Spiritual drink is the water from the rock which Moses struck in the
desert. It is also spiritual, because it was supplied by God. As Paul
will say later in 1st Corinthians: “We were all given to
drink of one Spirit.” (12:3) When Paul says that the rock followed them,
he is relating a rabbinic legend that the rock followed the people in
the desert so they could have a source of potable water. Paul expanded
this to include Jesus the source of life is the rock.

These were great signs, wonders and gifts, yet “Yet God was not
pleased with most of them, for they were struck down in the desert.” (1
Co 10:5)

Not only were some killed in the aftermath of worshipping the golden
calf (Es 32:25–28), but the rest of that generation save for Josuah and
Caleb died before they reached the promised land.
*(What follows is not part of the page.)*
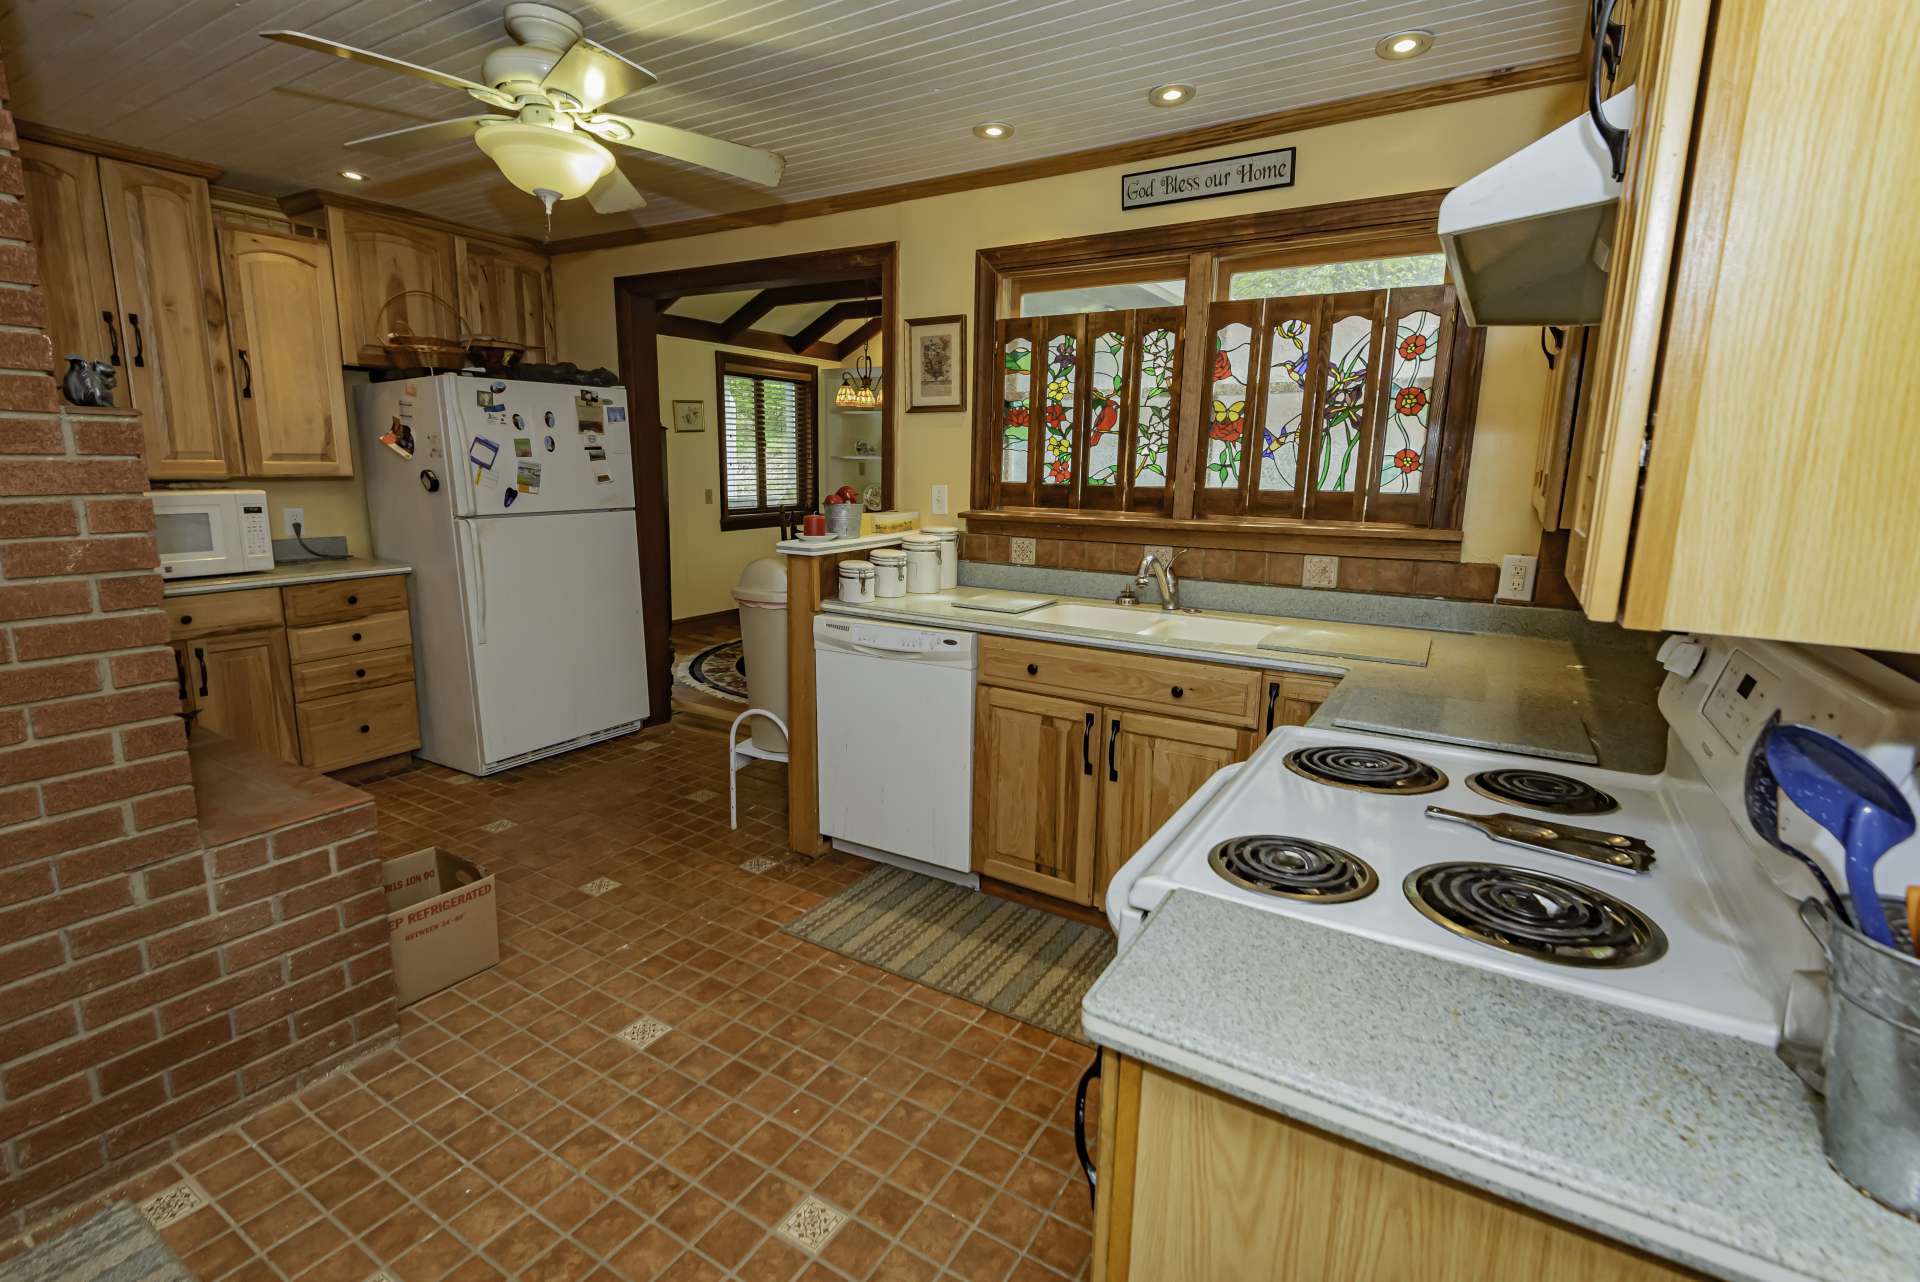 The kitchen offers plenty of work and storage space. Notice the lovely stained glass accents.

These things happened as examples for us, so that we might not desire
evil things, as they did. (1 Co 10:6)

Worship and eating were intimately connected, and Paul is telling the
people that they must worship as God wants them to or incur the same
fate. In the context of First Corinthians this means recognizing the Gpd
given dignity of everyone.

Paul then writes three lines which are not part of our reading today:

And do not become idolaters,
as some of them did, as it is written,
“The people sat down to eat and drink, and rose up to revel.”
Let us not indulge in immorality as some of them did,
twenty-three thousand fell within a single day.
Let us not test Christ as some of them did
and suffered death by serpents.

(1 Co 10:7–9)

The quotation is significant: It is from the story of the golden
calf. Aaron has taken their gold and formed the calf, uttered the
blasphemy “This is your god who took you forth from the land of Egypt”
and promised a festival so “They rose early the next day, and offered
burnt offerings and brought sacrifices of well-being; and the people sat
down to eat and drink, and rose up to revel.” (Ex 32:6)
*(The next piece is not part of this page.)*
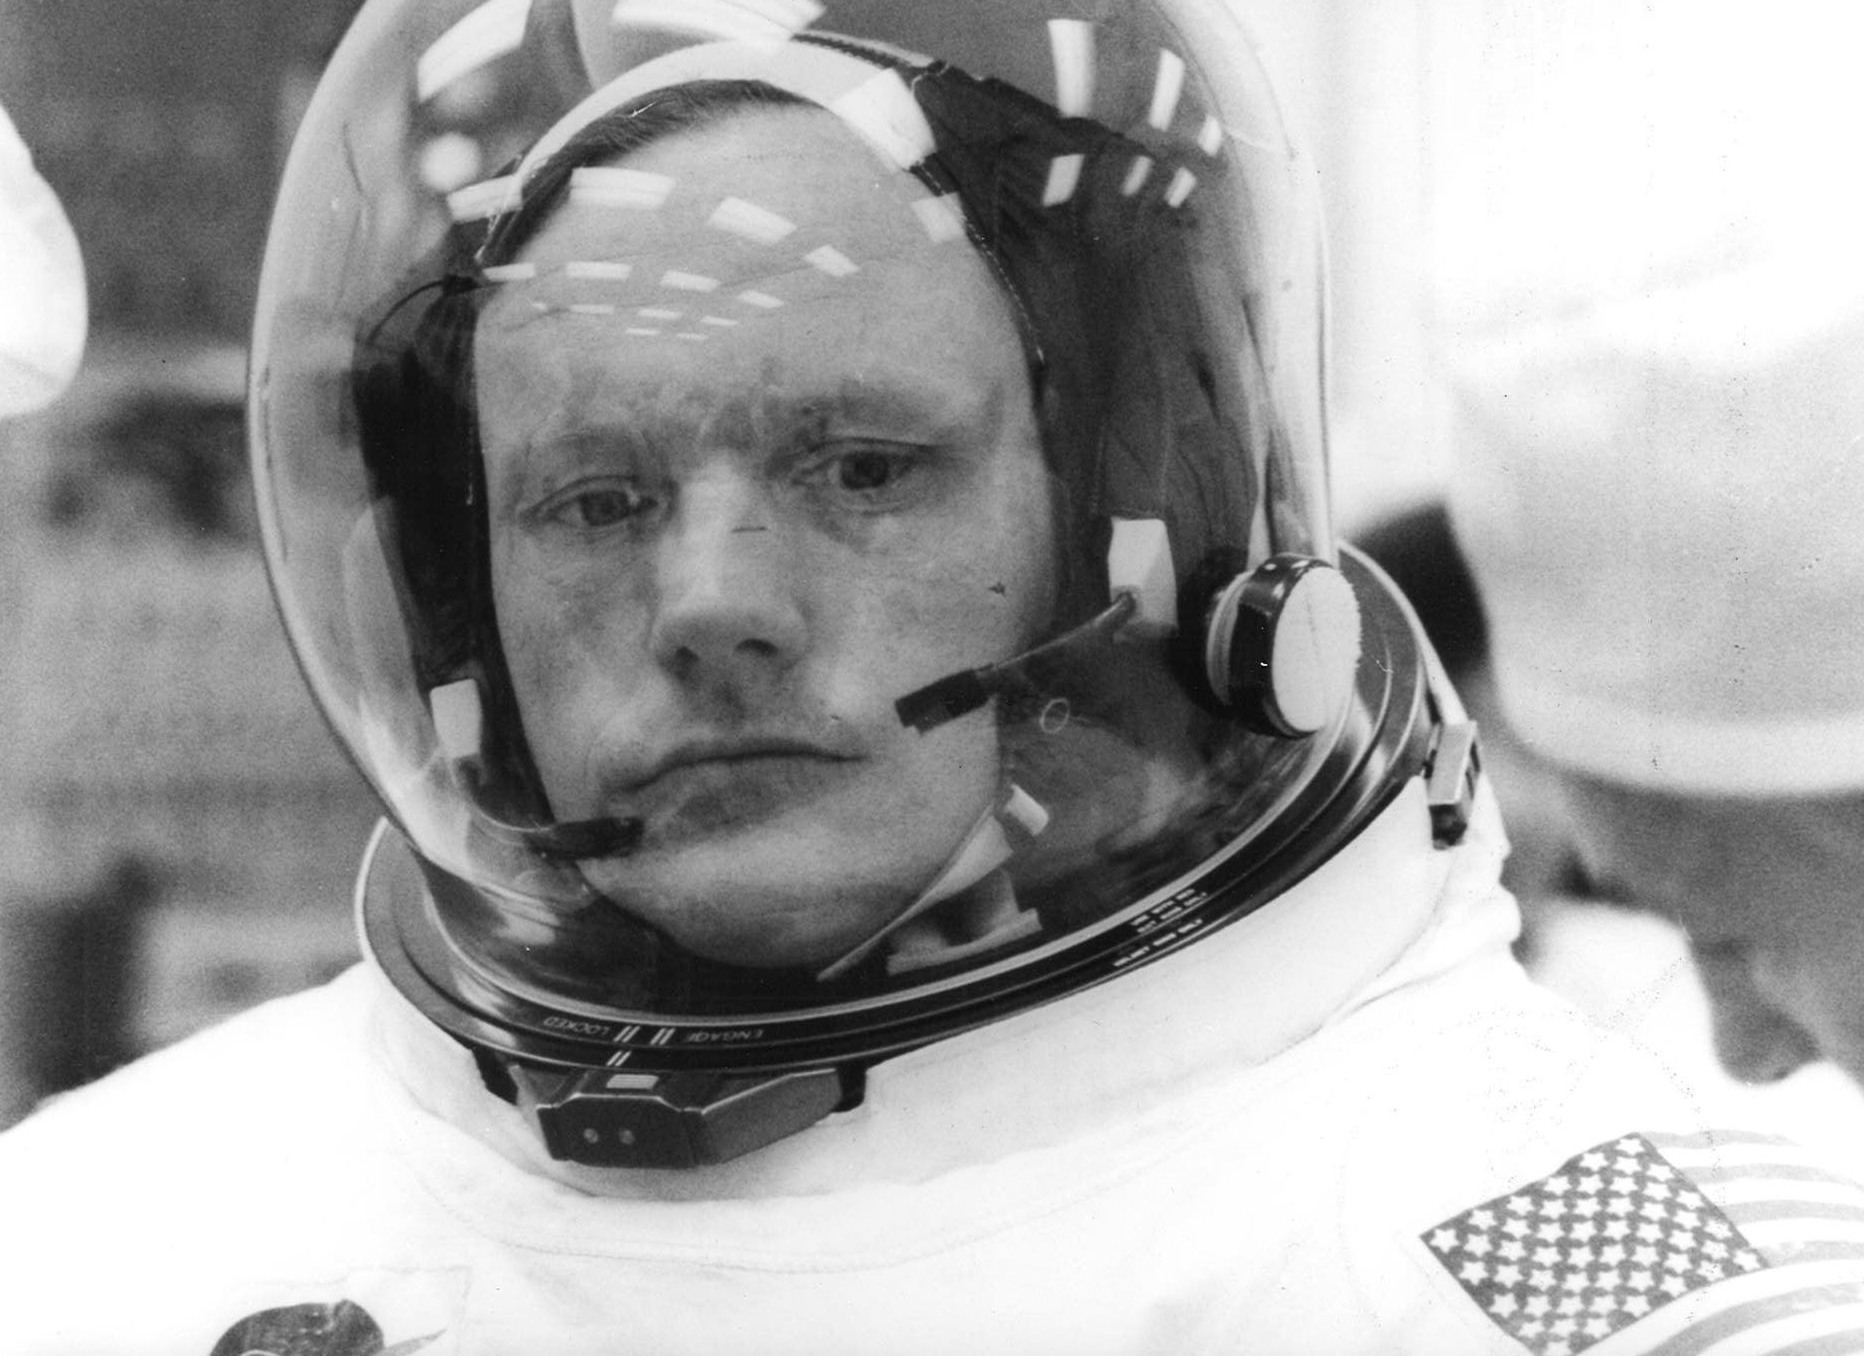 Neil Alden Armstrong, Mission Commander, Apollo 11, 16 july 1969. (NASA)

The tribe of Levi remained faithful to the LORD, and they exacted his
vengeance by killing 23,000 who were not faithful. The reference to
death by serpents were to those who referred to manna as wretched food.
Manna was a God given gift and to complain about it was to complain
about God with predictable results. In this case death by seraph (fiery)
serpents. (Numbers 21:4–9)

Our passage starts again with “Do not grumble as some of them did and
suffered death by the destroyer.” (1 Co 10:10) This is a warning for us
who have experienced the death and resurrection of Jesus. For Paul this
is “the end of the ages,” there is no greater or deeper covenant,
relationship, with God and our fellow humans. We must then avoid the
complacency that comes from pride. We can fall as well, and we have been
warned.

We read this in Lent to examine our relationship to our worship. True
worship brings us closer to Jesus by strengthening our covenant
relationship with him, our fellow humans and nature. Paul today is
showing us that if we forgot that this is a gift, we will become blind,
then rebellious and then fallen.

The horrors around us are many. The news from Ukraine seemingly
cannot get worse, until it does. The images are indelible, until they
fade. The people of Ukraine have our attention and support now but what
about six months from now when they will be either rebuilding their
nation, fighting a guerrilla war, or some ghastly combination of the
two? What will we feel then? Worship and principally the Eucharist is
God’s way to maintain fellow feeling.

It is true for home as well. Although the maniac who shot homeless
men at daybreak in our own city has been captured, many on our streets
are still in danger? What do we feel about these poor men who barely
exist on the margins of our society. Do we feel connected to them? Would
we feel differently someone was murdering grandparents? Worship must be
connected to real charity to be true.

Paul tells us today that if those in need do not receive our material
charity then God has not received our spiritual worship.